Genesis (Memory of Fire, Volume 1)
is a monumental work that makes for a rich education. Eduardo
Galeano includes more than three hundred entries, each about a page in
length, capturing events, happenings, or short tales taken from the
Americas, mostly Latin America, beginning with the first voices prior to
Columbus and continuing up to the year 1700. Eduardo Galeano has his
own way of expressing what he reports, often incorporating humor, irony,
or satire. However, whatever he writes, a perceptive reader can detect
great nuggets of wisdom in each and every entry.
Here are four quotes from Eduardo's Preface that set the tone. I've also includes my modest comments.
"Poor
History had stopped breathing: betrayed in academic texts, lied about
in classrooms, drowned in dates, they had imprisoned her in museums and
buried her, with floral wreaths, beneath statuary bronze and monumental
marble.
Perhaps Memory of Fire can help give her back breath, liberty, and the world."
As
they say, history is the story told by the winners. When Eduardo was a
youngster sitting in class, he had the good sense to know what the
teacher was saying amounted to nothing more than a pile of deadly lies
students were being forced to memorize. When he raised any objection, he
was either told to keep his mouth shut or, more usually, ordered to
leave the classroom.
"I am not a historian. I am a writer who
would like to contribute to the rescue of the kidnapped memory of all
America, but above all of Latin America, that despised and beloved land:
I would like to talk to her, share her secrets, ask of what difficult
clays she was born, from what acts of love and violation she comes."
This
surely counts as one of the book's charms: Eduardo is not a historian
or academic; he's a writer who knows the way something is told is
equally important to what is told, the subject being addressed.
"Memory of Fire
is not an anthology, clearly not; but I don't know if it is a novel or
essay or epic poem or testament or chronicle or . . . . Deciding robs me
of no sleep.

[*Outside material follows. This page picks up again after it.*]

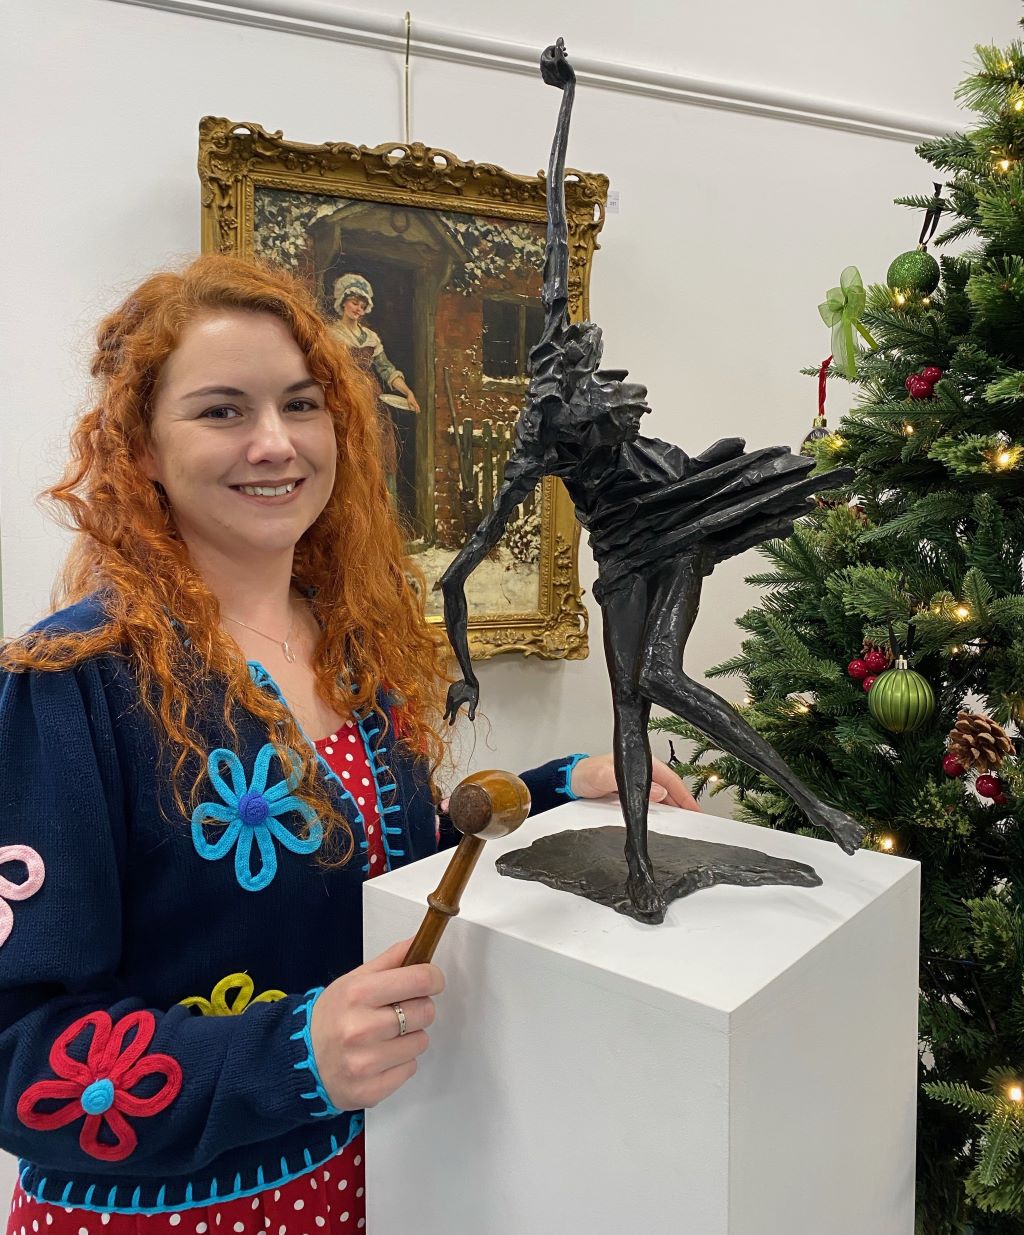 Fine art specialist Abigail Molenaar with the bronze sculpture by celebrated Irish artist Frederick Edward McWilliam which sold for £37,000.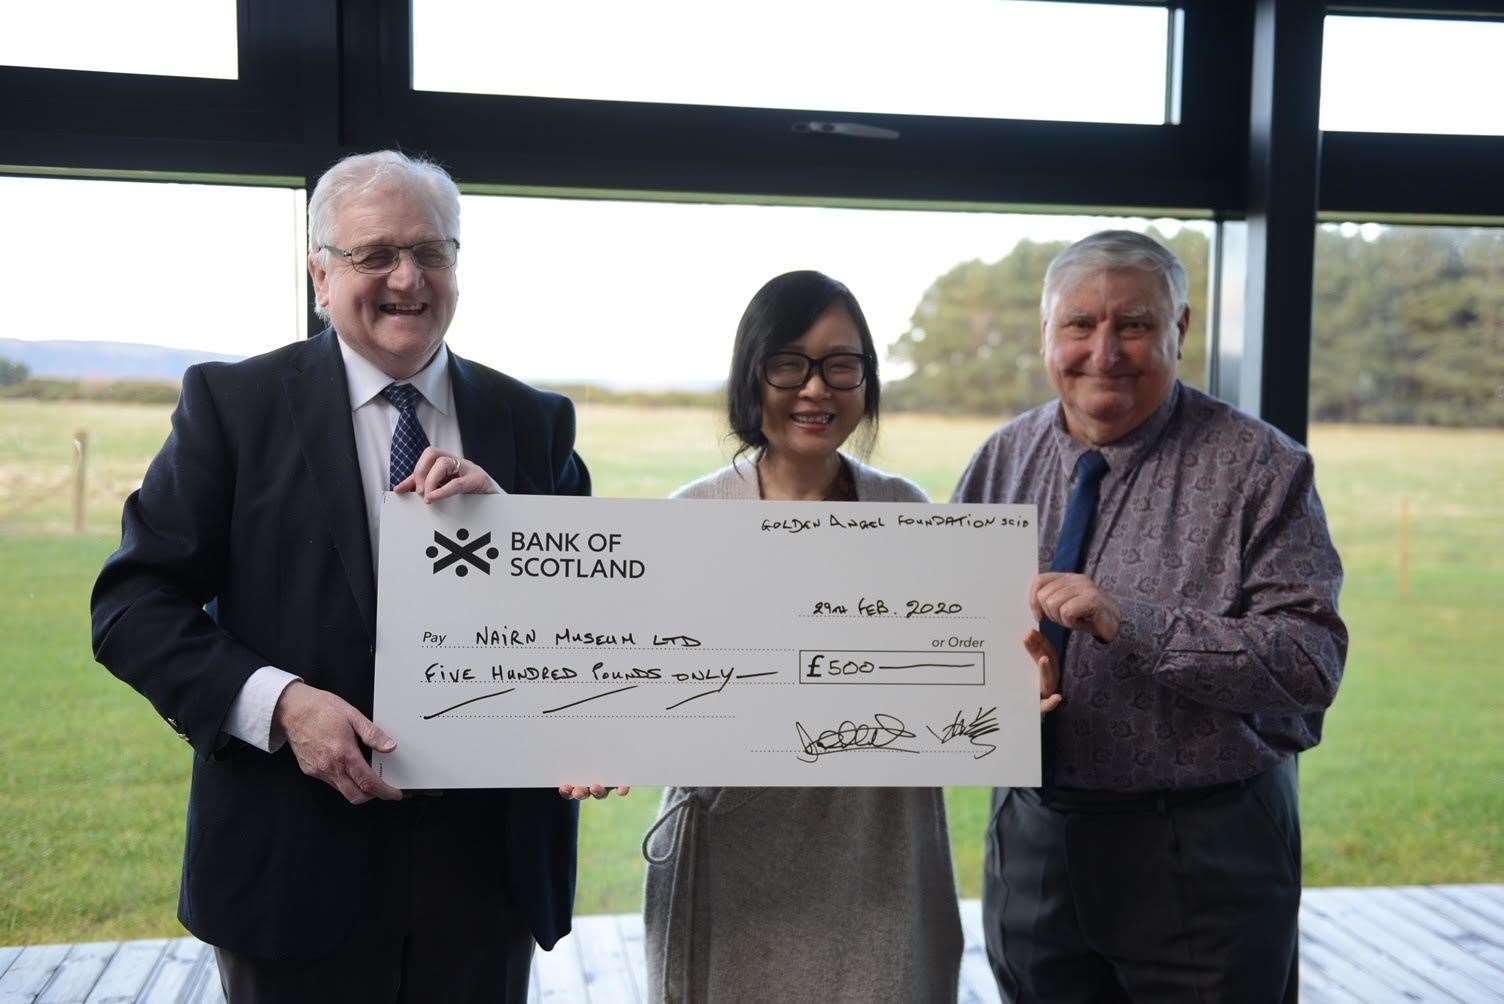 John Urquhart, Nairn Museum trustee receives a cheque for the museum from Diana Xu, Golden Angel trustee and John McCulloch, treasurer of the foundation.

I do not believe in the frontiers that, according to
literature's customs officers, separate the forms."
Call it what
you will, but Eduardo has written a work of great literature that will
take its place on the shelf alongside Gabriel García Márquez, Carlos
Fuentes, Mario Vargas Llosa, and Jorge Amado.
"There is nothing
neutral about this historical narration. Unable to distance myself, I
take sides: I confess it and am not sorry. However, each fragment of
this huge mosaic is based on a solid documentary foundation. What is
told her has happened, although I tell it in my style and manner."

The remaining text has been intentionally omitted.